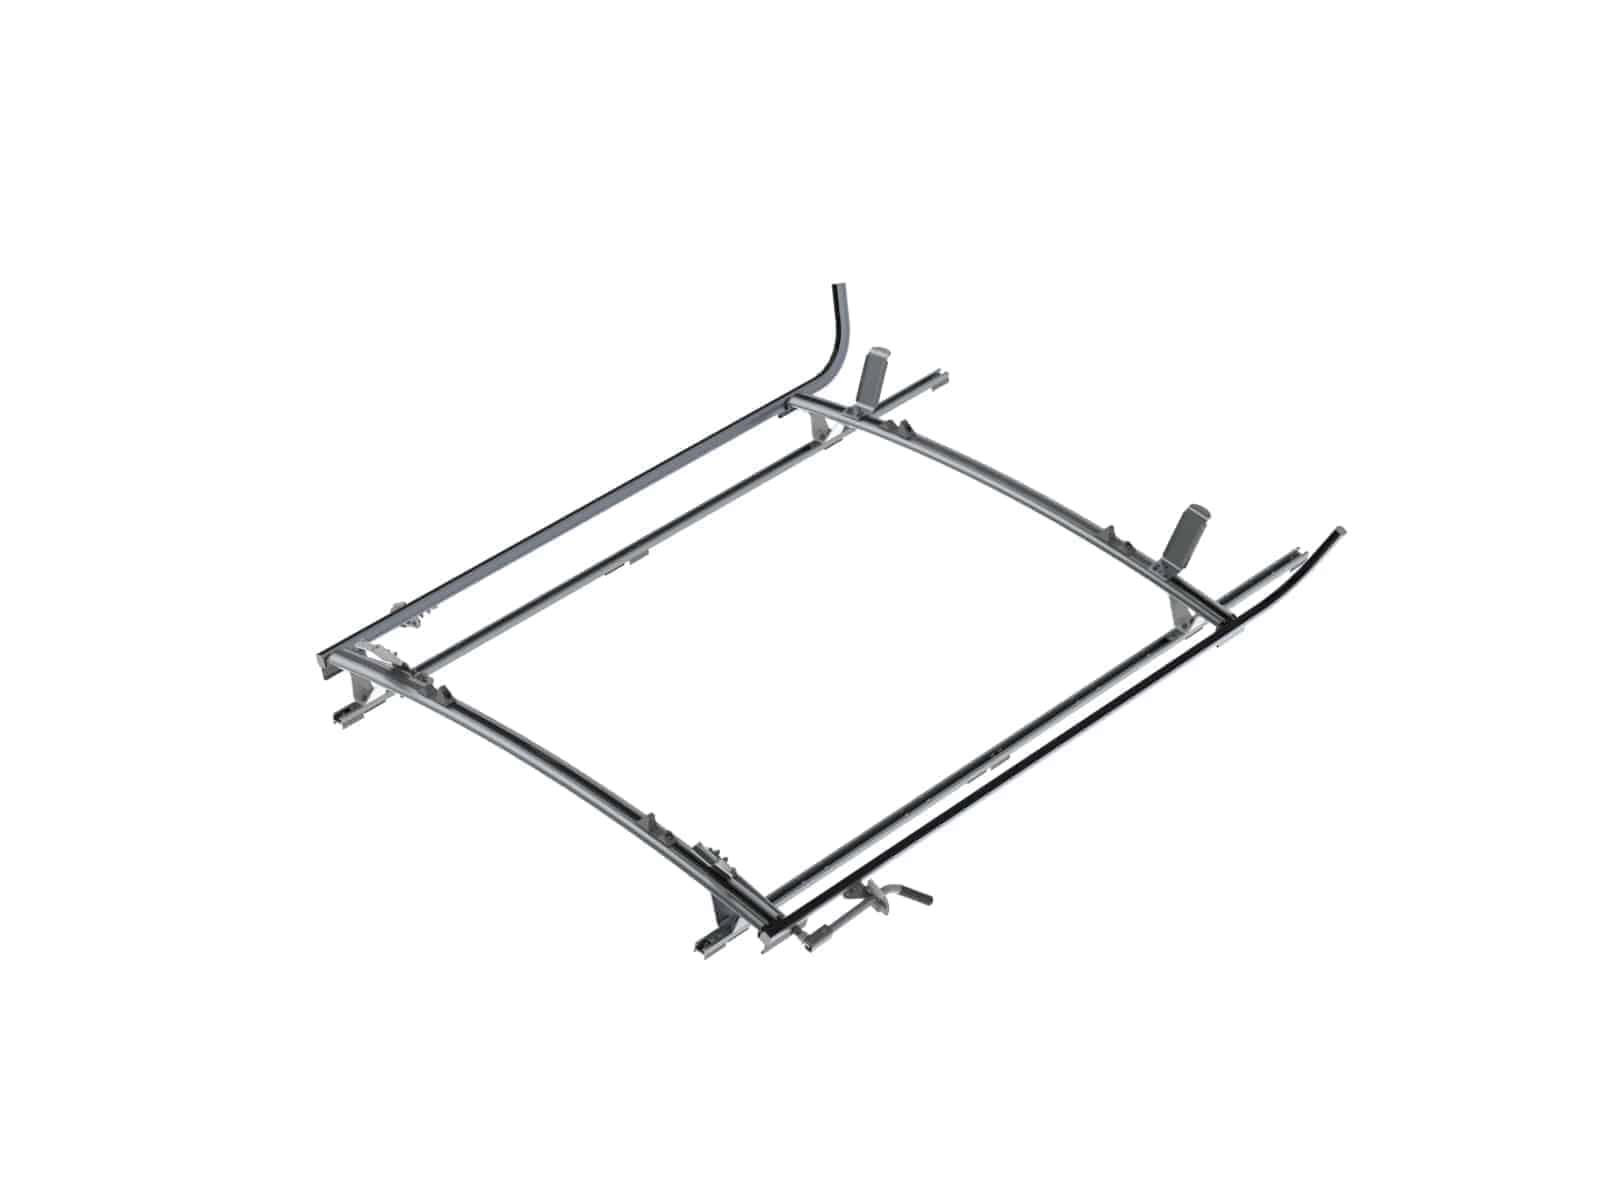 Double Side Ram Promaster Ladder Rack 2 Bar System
==
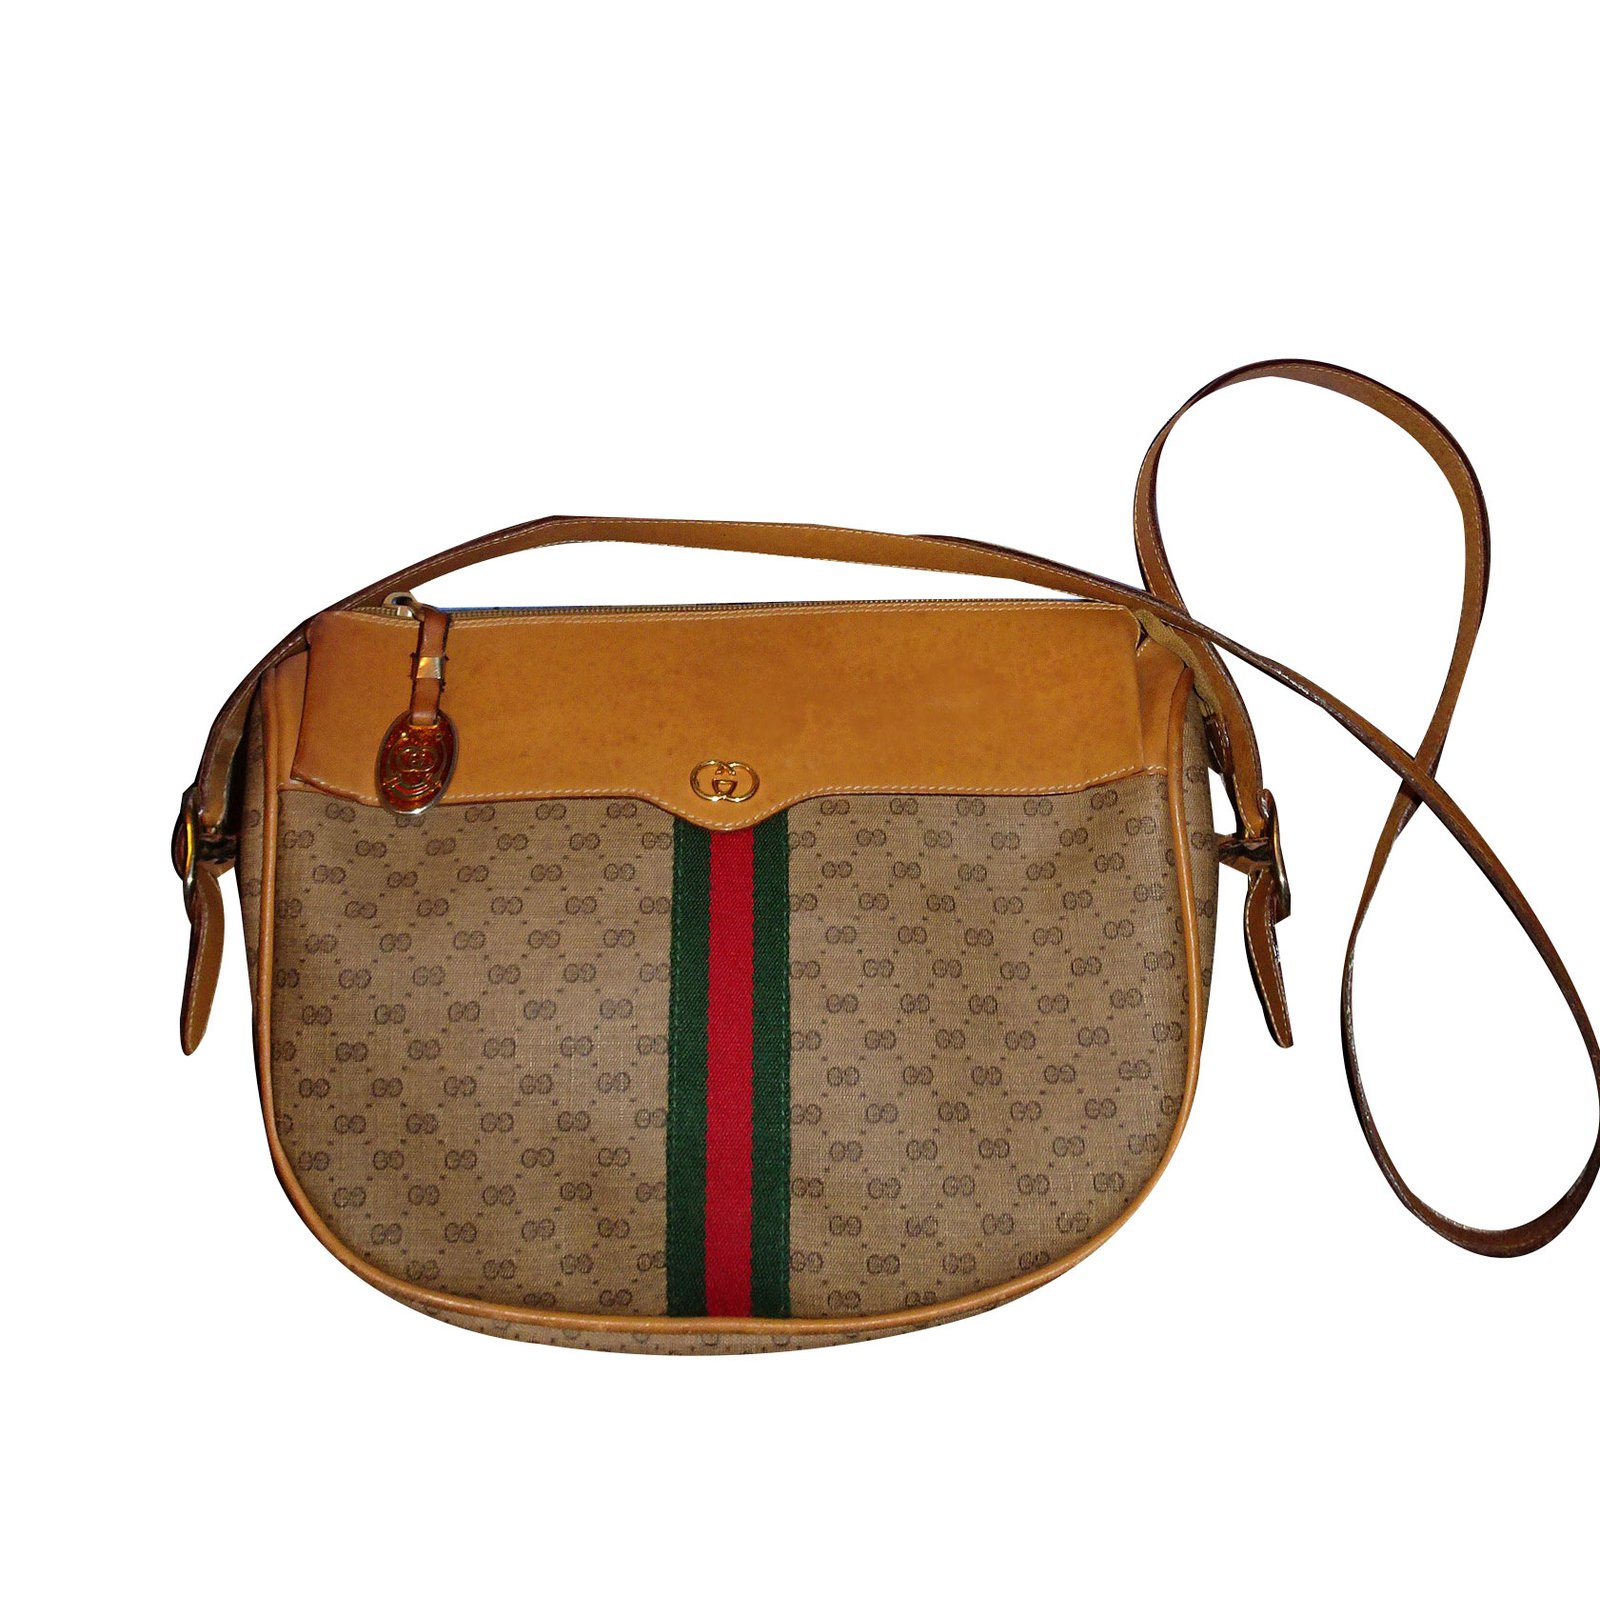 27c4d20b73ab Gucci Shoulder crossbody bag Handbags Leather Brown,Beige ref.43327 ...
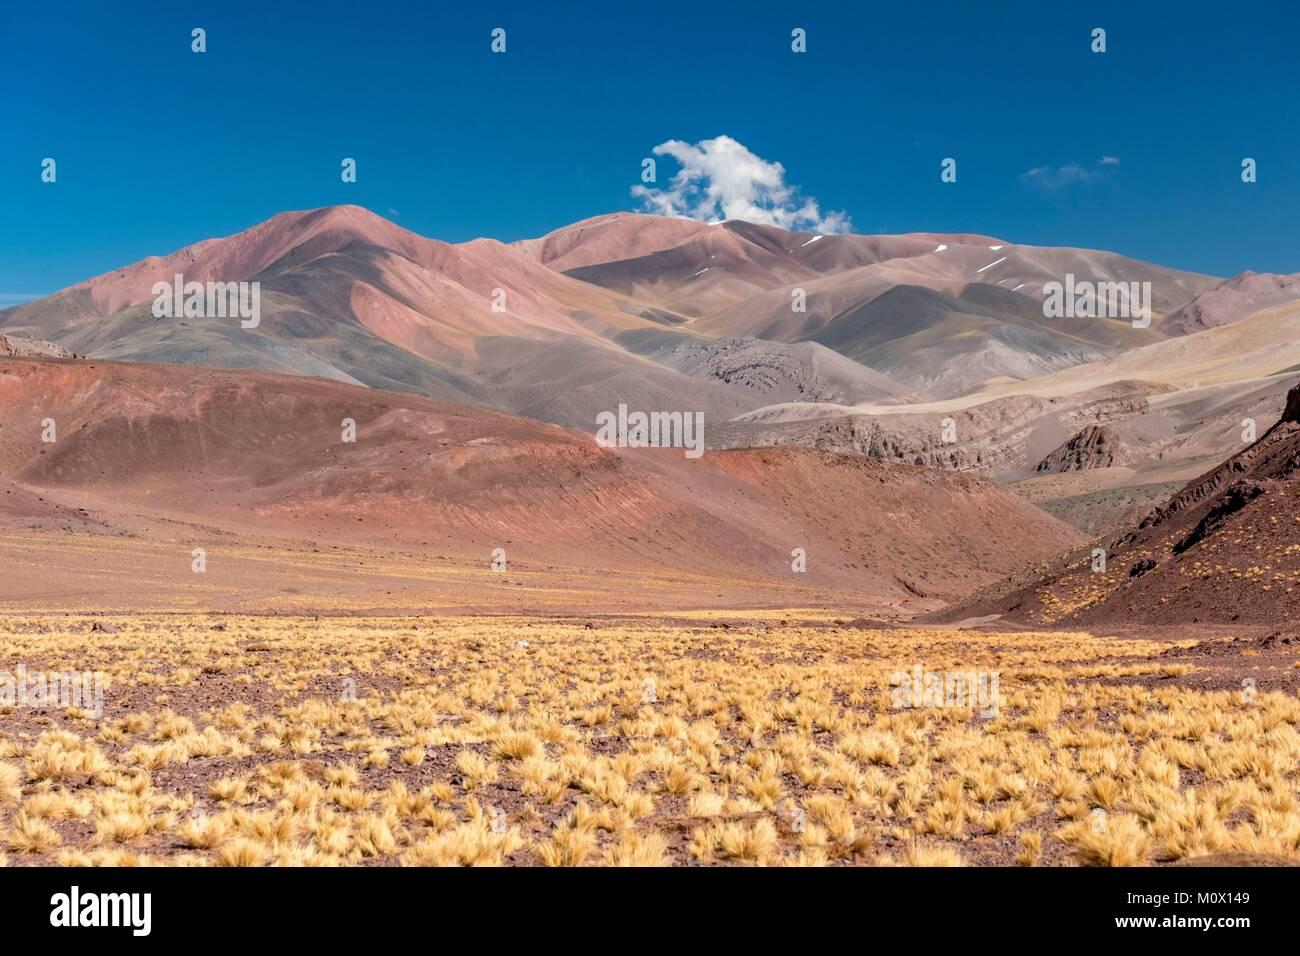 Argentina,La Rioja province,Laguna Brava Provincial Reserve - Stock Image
==
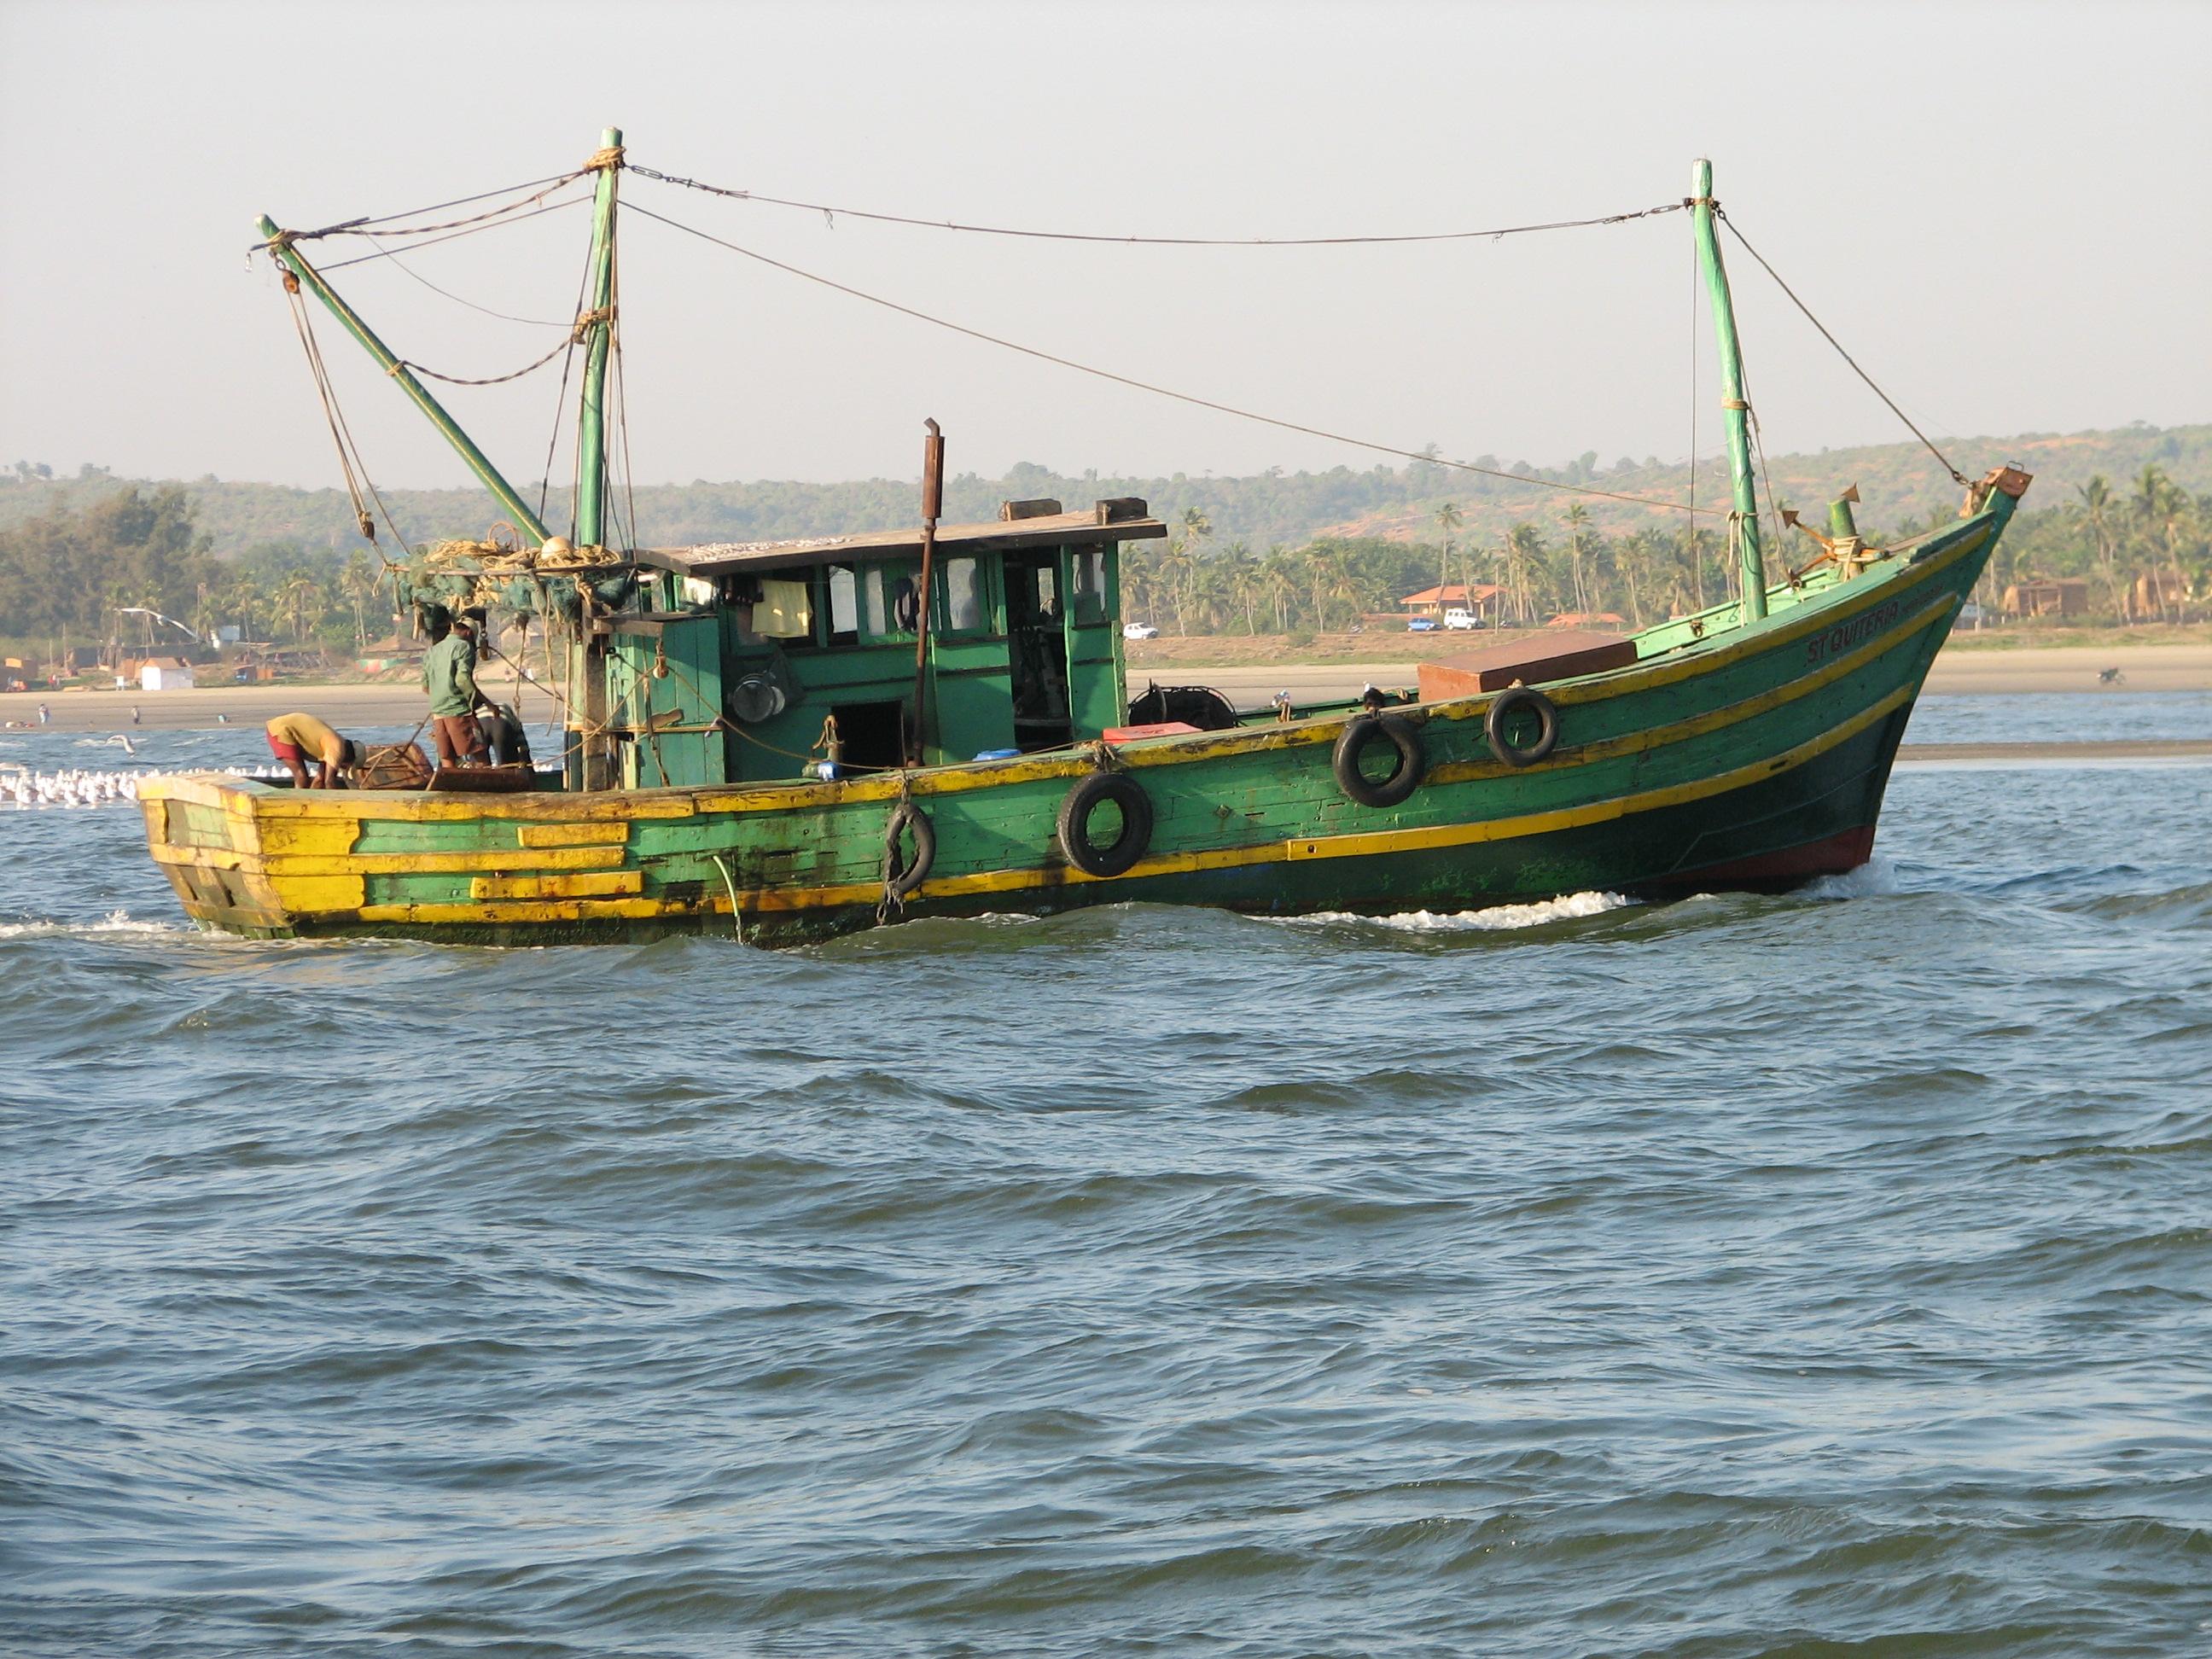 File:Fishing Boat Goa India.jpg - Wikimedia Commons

ASSIGNMENT: Above are some entries. Restate word for word the lines from the one holding "27c4d20b73ab Gucci Shoulder" through the one holding "Argentina,La Rioja province,Laguna", but not the pictures.

COMPLETED EXERCISE:
 27c4d20b73ab Gucci Shoulder crossbody bag Handbags Leather Brown,Beige ref.43327 ...
 Argentina,La Rioja province,Laguna Brava Provincial Reserve - Stock Image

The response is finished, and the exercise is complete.